2022 Prediction - The office. No, not the
series - the market. Recently, I read this with interest in these pages - “A
new report from Ladders, a career site for high-paying jobs, says things will
likely stay that way. In fact, Ladders predicts that 25% of all professional
jobs that pay $80,000 or more will be remote by the end of 2022.” Wow! My
suspicion is it will be greater than that. Anecdotally, take our office as an
example. We own a 21,700 square foot, two story location. We occupy the
upstairs and a portion of the down for about 13,000 square feet. When locked
and loaded - 49-52 folks commuted in each day. Now? Probably half regularly
attend. My team works remotely as do others. Adjusting to this change will be
smaller footprints and more multi-use spaces. Update - there is some
talk among the big players that a return to the office is eminent. Mention
frequently is the difficulty in maintaining a culture with a remote workforce.
We haven’t experienced this so much in orange county. I believe we are headed
for a hybrid between remote and in person office occupancy.

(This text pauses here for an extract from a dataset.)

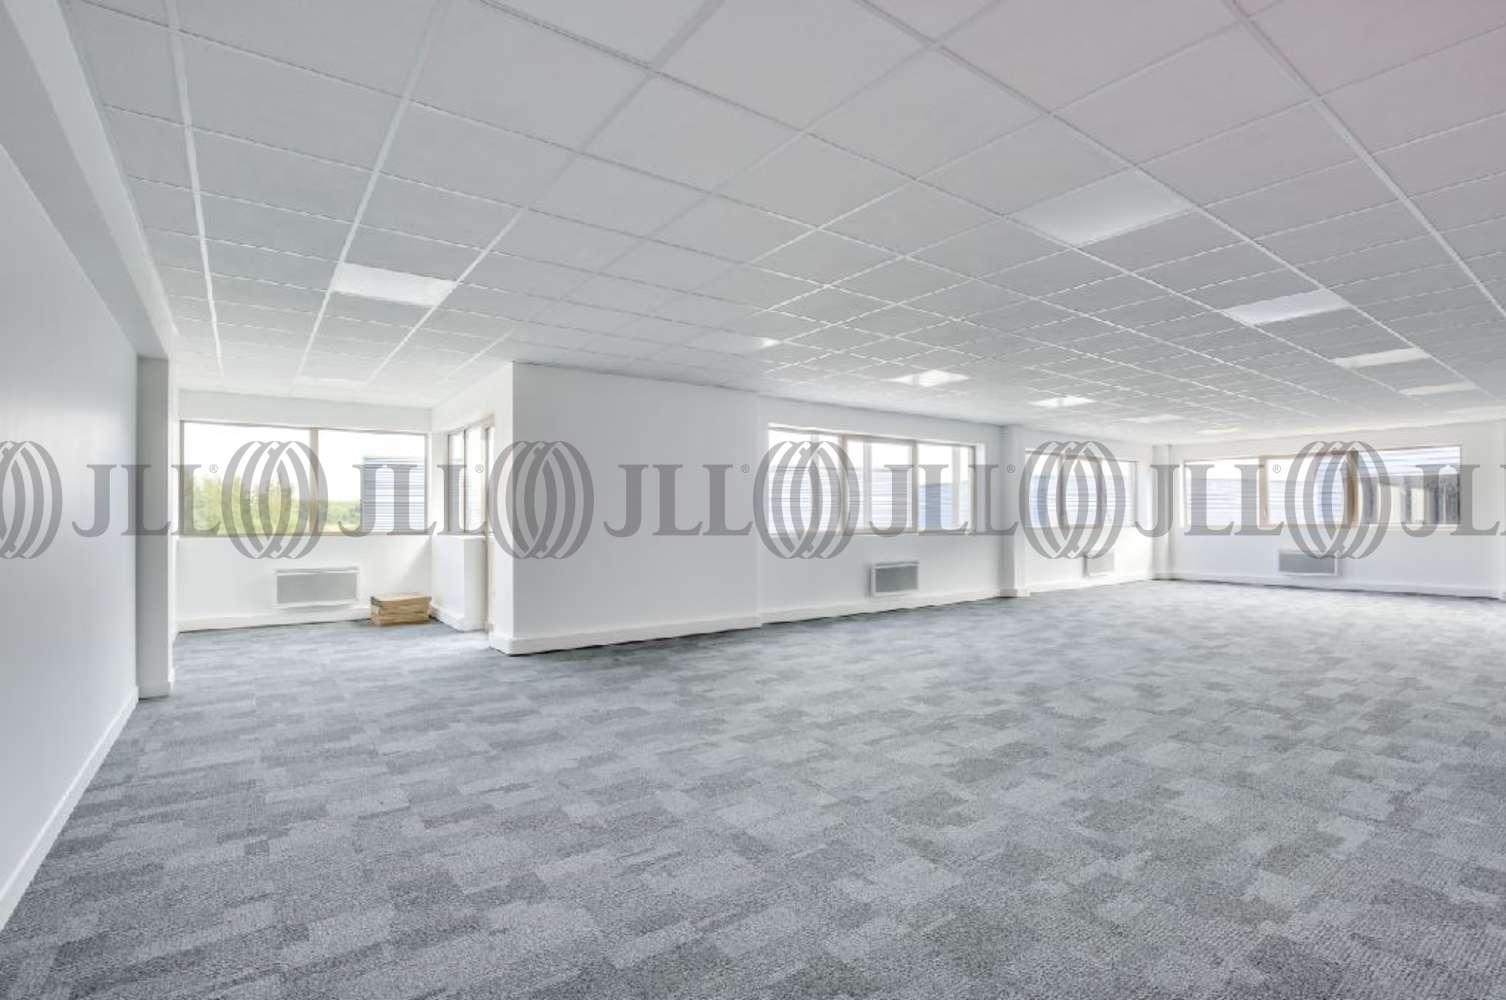 Activités/entrepôt Villebon sur yvette, 91140 - OGMA - 9621391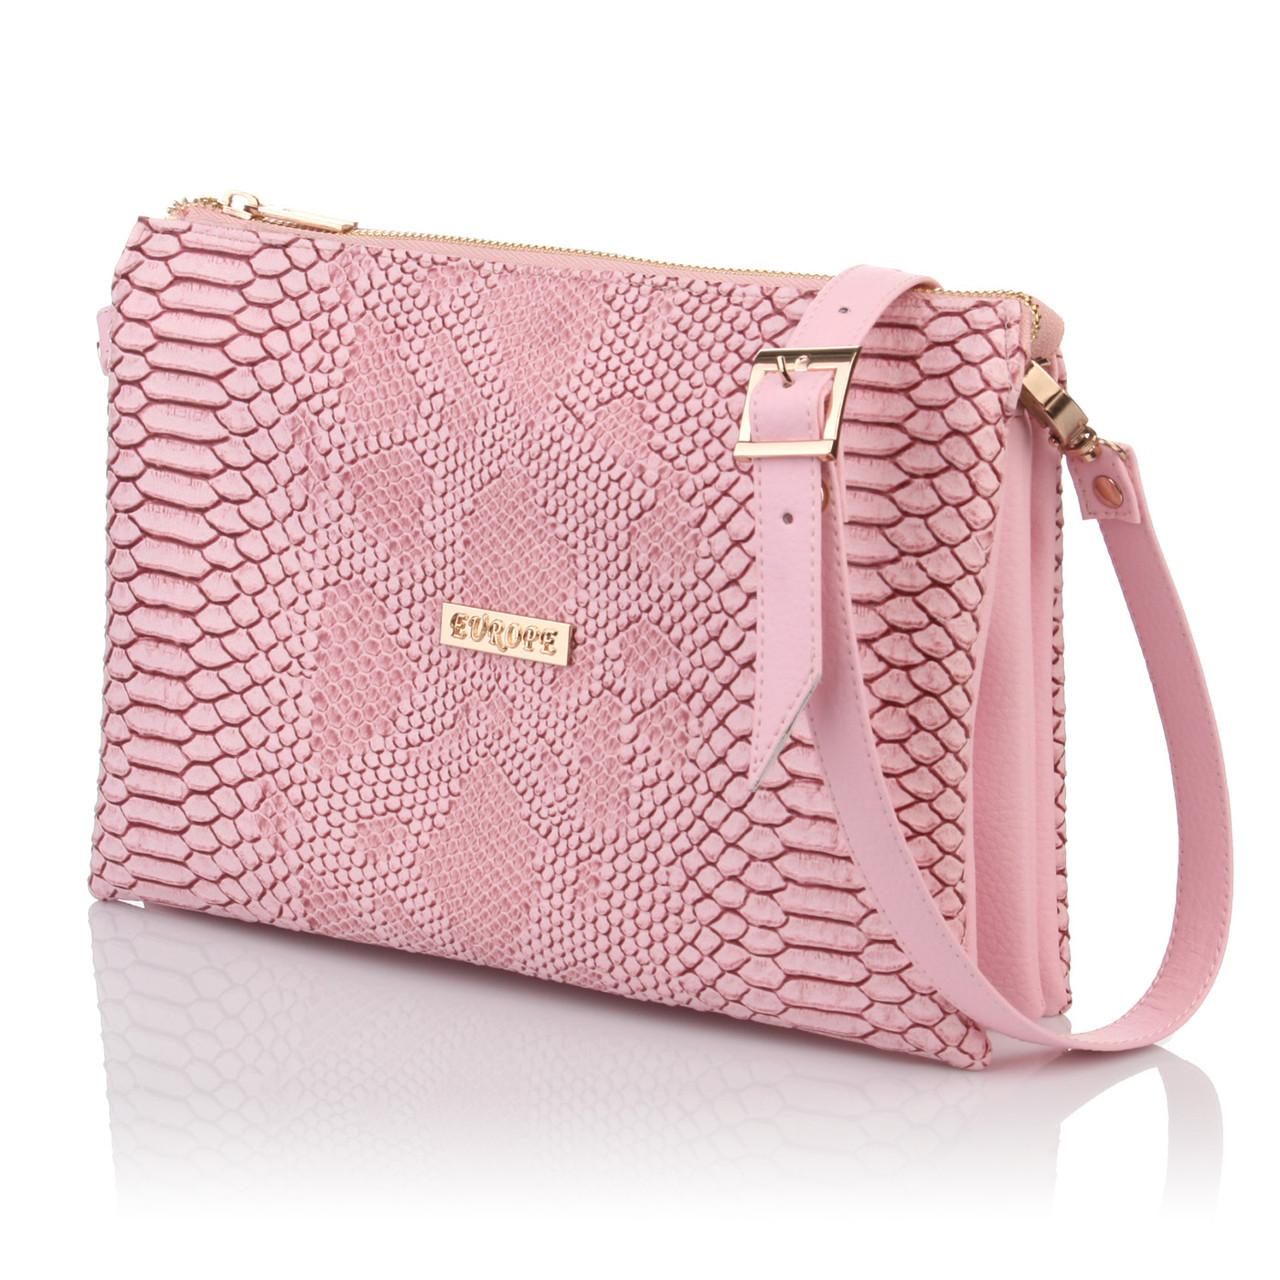 Розовая сумочка-клатч имитация кожи змеи - Интернет магазин сумок SUMKOFF -  женские и мужские 8bb1ff61e02

2022 Prediction - Retail slowdown? We all know
that, big fella. How’s that prescient? Actually, what slowed during our two
year pandemic fueled sabbatical were trips to the store. Retail sales actually
increased as we bought tons of stuff from our home keyboards. But, one of our
clients, corporately based in NYC, is a tremendous gauge on the brick and
mortar retail business. By that I mean, destinations such as Wal-Mart, Costco,
Burlington, and the like. He’s sensed a REAL dip and predicts more to come. So
we’ll see. Update - as you may have read, the largest e-commerce
retailer – Amazon - recently put the kibosh on 200 projects in process. Their
earnings are predicted to decline by 3% and they admitted they have over built
their storage capacity. Consequently, any Amazon deal on the margin was
postponed. What this foretells about brick and mortar retail will be
interesting to observe.
2022 Prediction - Stagflation. What on
Earth is that? According to Wikipedia -“In economics, stagflation or recession-inflation
is a situation in which the inflation rate is high, the economic growth rate
slows, and unemployment remains steadily high. It presents a dilemma for
economic policy, since actions intended to lower inflation may exacerbate
unemployment.” Hmmm. Inflation rates, high - check. Economic growth slowing -
check. Unemployment high - check. By the way, you may be thinking - I thought
unemployment was low, currently. Actually, the percent of the workforce NOT
working is high. The statistics reported are only those who’ve filed claims -
quite misleading. Update - Wow! That didn’t take long. With inflation
running 8% annually and a decline in gross domestic product for the first
quarter we already are in a stagflationary period. Not since the Jimmy Carter
administration has this been a thing.
Things
I didn’t foresee: The invasion of Ukraine, the dramatic Amazon slow down, two
dollar industrial rents - were all not on my radar in January 2022. Now you
understand why a first quarter update was important.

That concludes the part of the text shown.